Run the following three lines in command line in the following order:
conda config --add channels defaults
conda config --add channels conda-forge
conda config --add channels bioconda
In this tutorial we will create an environment named “tutorial” and install the packages in there. Environments offer ways of installing packages in specific environments so they can be managed and run for different specifications. You can create, export, list, remove and update environments that have different versions of Python and/or packages installed in them. Switching or moving between environments is called activating the environment. You can also share an environment file.
This command will create an environment “tutorial” in which to install the packages used in this tutorial.
Run the following commands to create the environment. The
-n flag specifies the name of the environment to create (which is called “tutorial”) and the list of packages following the name are the packages that will be installed in the “tutorial” environment. This will most likely take 10-15 minutes.
conda create -n tutorial jupyter hisat2 multiqc macs2 bioconductor-deseq matplotlib ggplot samtools bioconductor-rsamtools bedtools htseq --yes
Then activate the environment with the following command:
For Mac and Linux
source activate tutorial
conda activate tutorial
Begin the tutorial
Follow the instructions in
chipseq.md for the corresponding tutorial.
The following data presents the RNA-Seq data used in this tutorial. This tutorial observes RNA-Seq data of aneuploidy in Yeast (source: https://www.ncbi.nlm.nih.gov/Traces/study/?acc=SRP106028).
Principal component analysis (PCA) suggests gene expression for euploid yeast samples (haploid) clusters distinctly from that of the aneuploid yeast samples (diploid chromosome X).The first two PCs account for ~70% of the variance in expressed genes).

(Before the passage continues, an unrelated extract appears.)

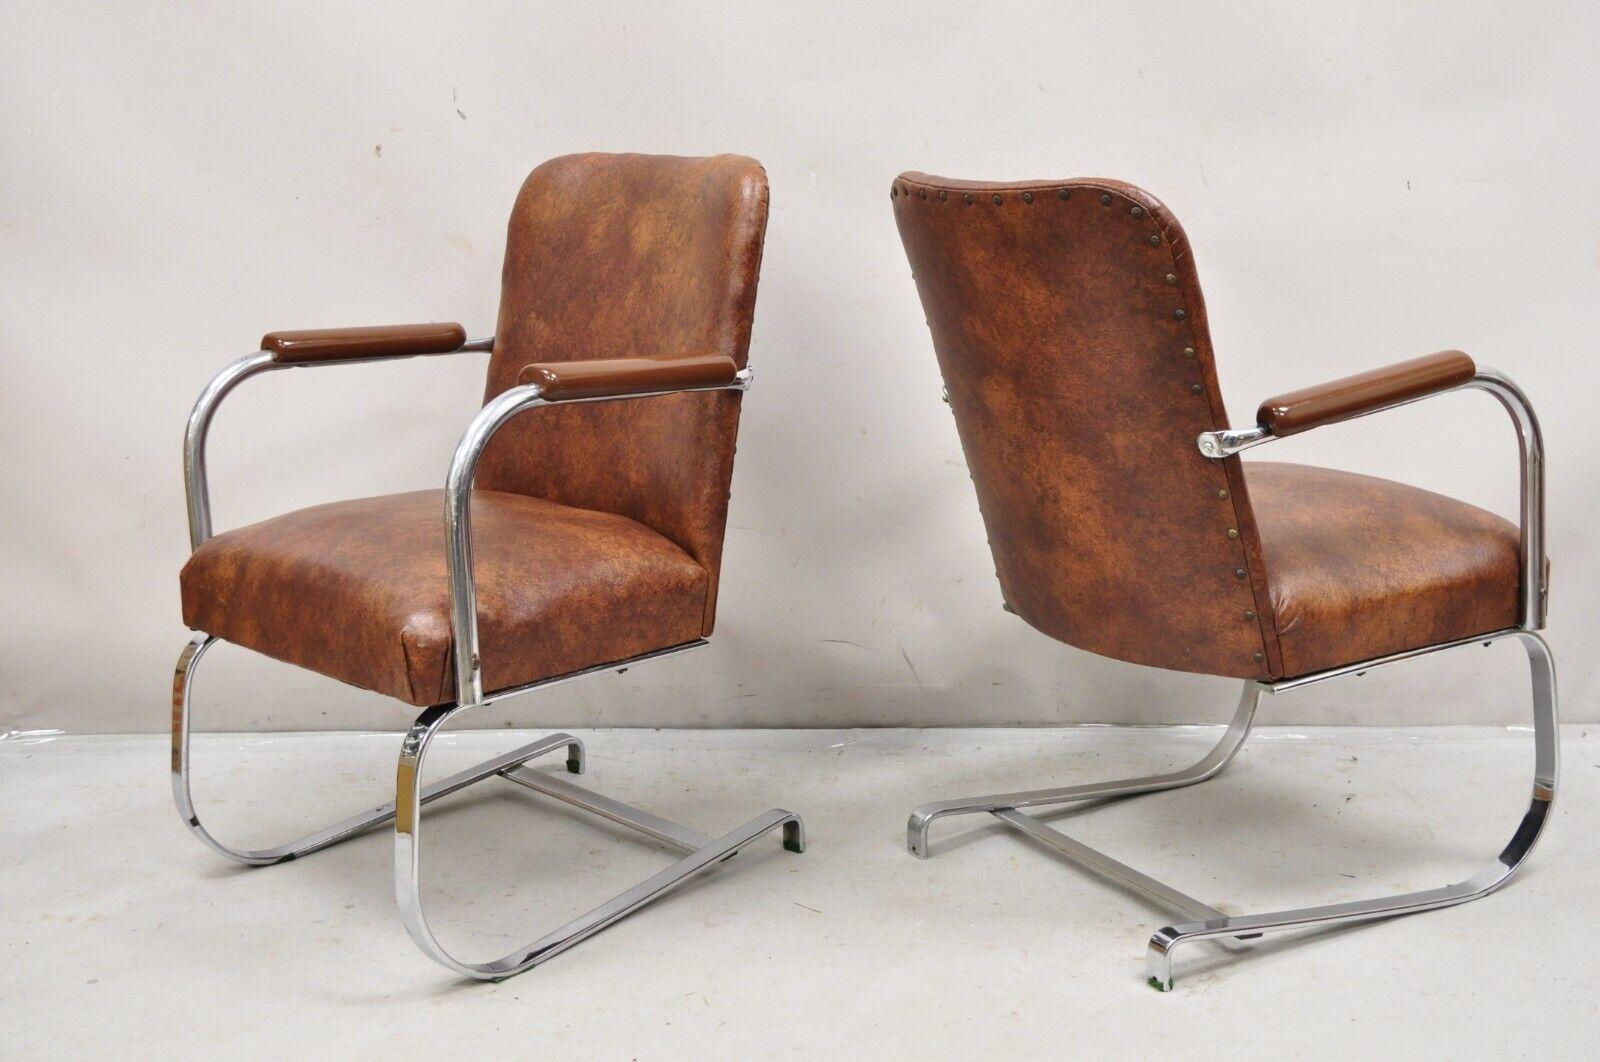 Vintage Lloyds Mfg Kem Weber Art Deco Steel Cantilever Lounge Chairs - a Pair. L'article se caractérise par un piétement luge à barre plate en acier, un revêtement en Naugahyde marron, une étiquette d'origine, de très jolies chaises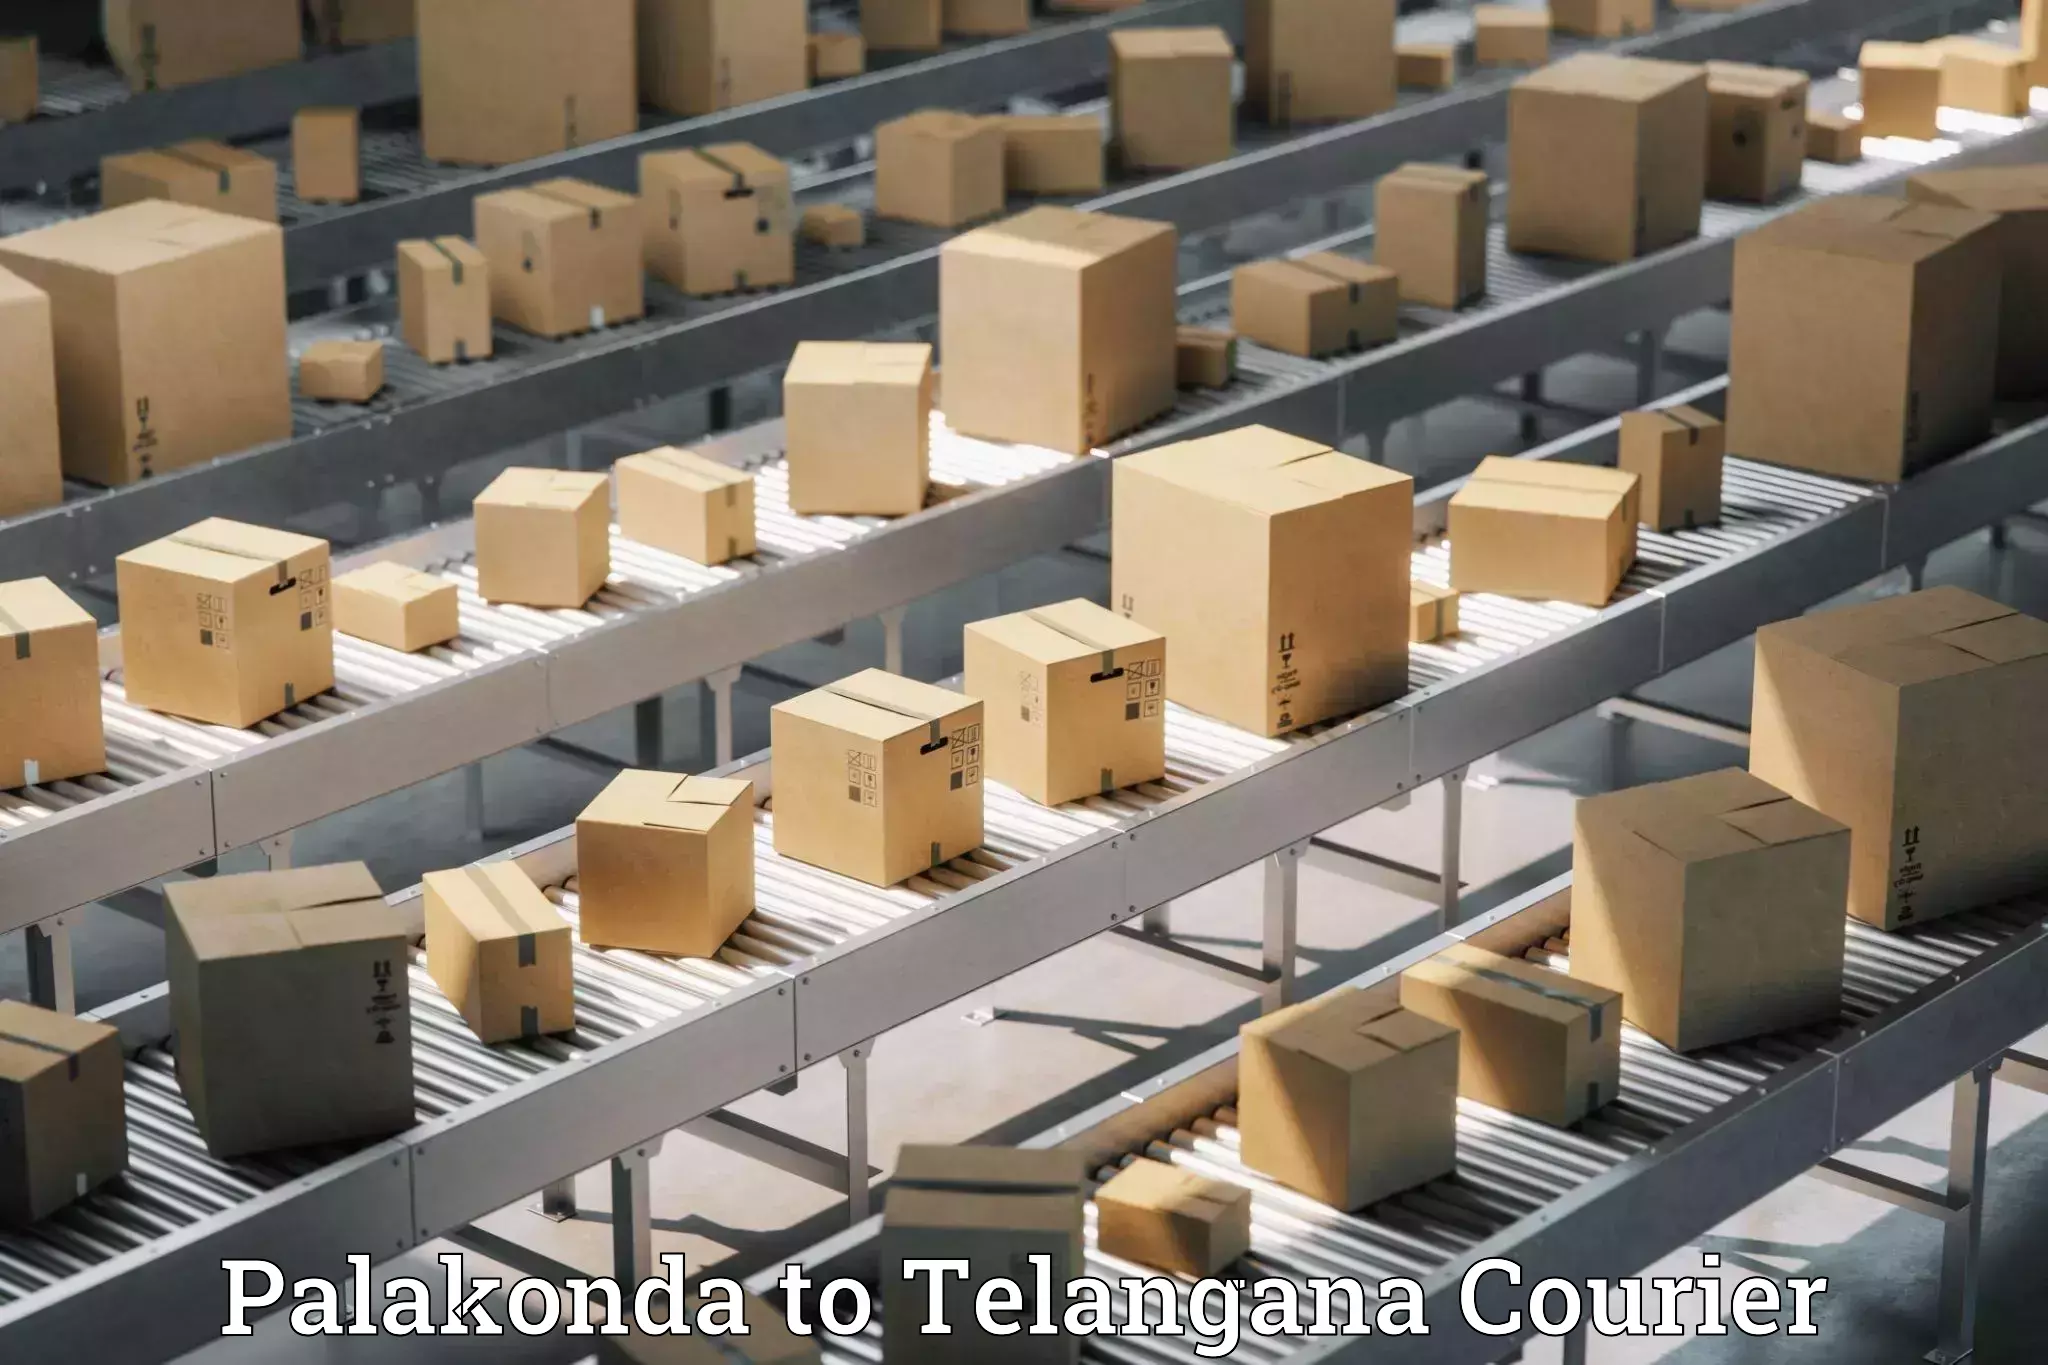 Sustainable shipping practices Palakonda to Sikanderguda

Data provided by Mulla et al. (https://elifesciences.org/articles/27991).
A volcano plot of differentially expressed genes between euploid yeast colonies versus aneuploid yeast colonies. The x-axis represents the difference in gene expression between the conditions. False discovery rate (FDR), a method for controlling for multiple testing, is along the y-axis. Each point represents a tested gene (N=3,926). Red points are those reaching genome-wide significance (at FDR0.05, N=3,263). Data provided by Mulla et al. (https://elifesciences.org/articles/27991).
The relative enrichment of chrX for differentially expressed genes suggests the downstream results of this processing pipeline are consistent with biological expectations. The RNA-seq experiment was performed on yeast colonies with an extra chromosome X. Data provided by Mulla et al. (https://elifesciences.org/articles/27991).
The following data presents the ChIP-Seq data used in this tutorial. This tutorial observes ChIP-Seq data of induction by 3-AT in Yeast (source: https://www.ncbi.nlm.nih.gov/Traces/study/?acc=SRP132584).
Distribution of intersected peaks across the yeast genome. This IGV screenshot shows in the bottom row the intersected peaks between the two treatment conditions of the yeast samples. The matching genes with each intersected peak can be analyzed.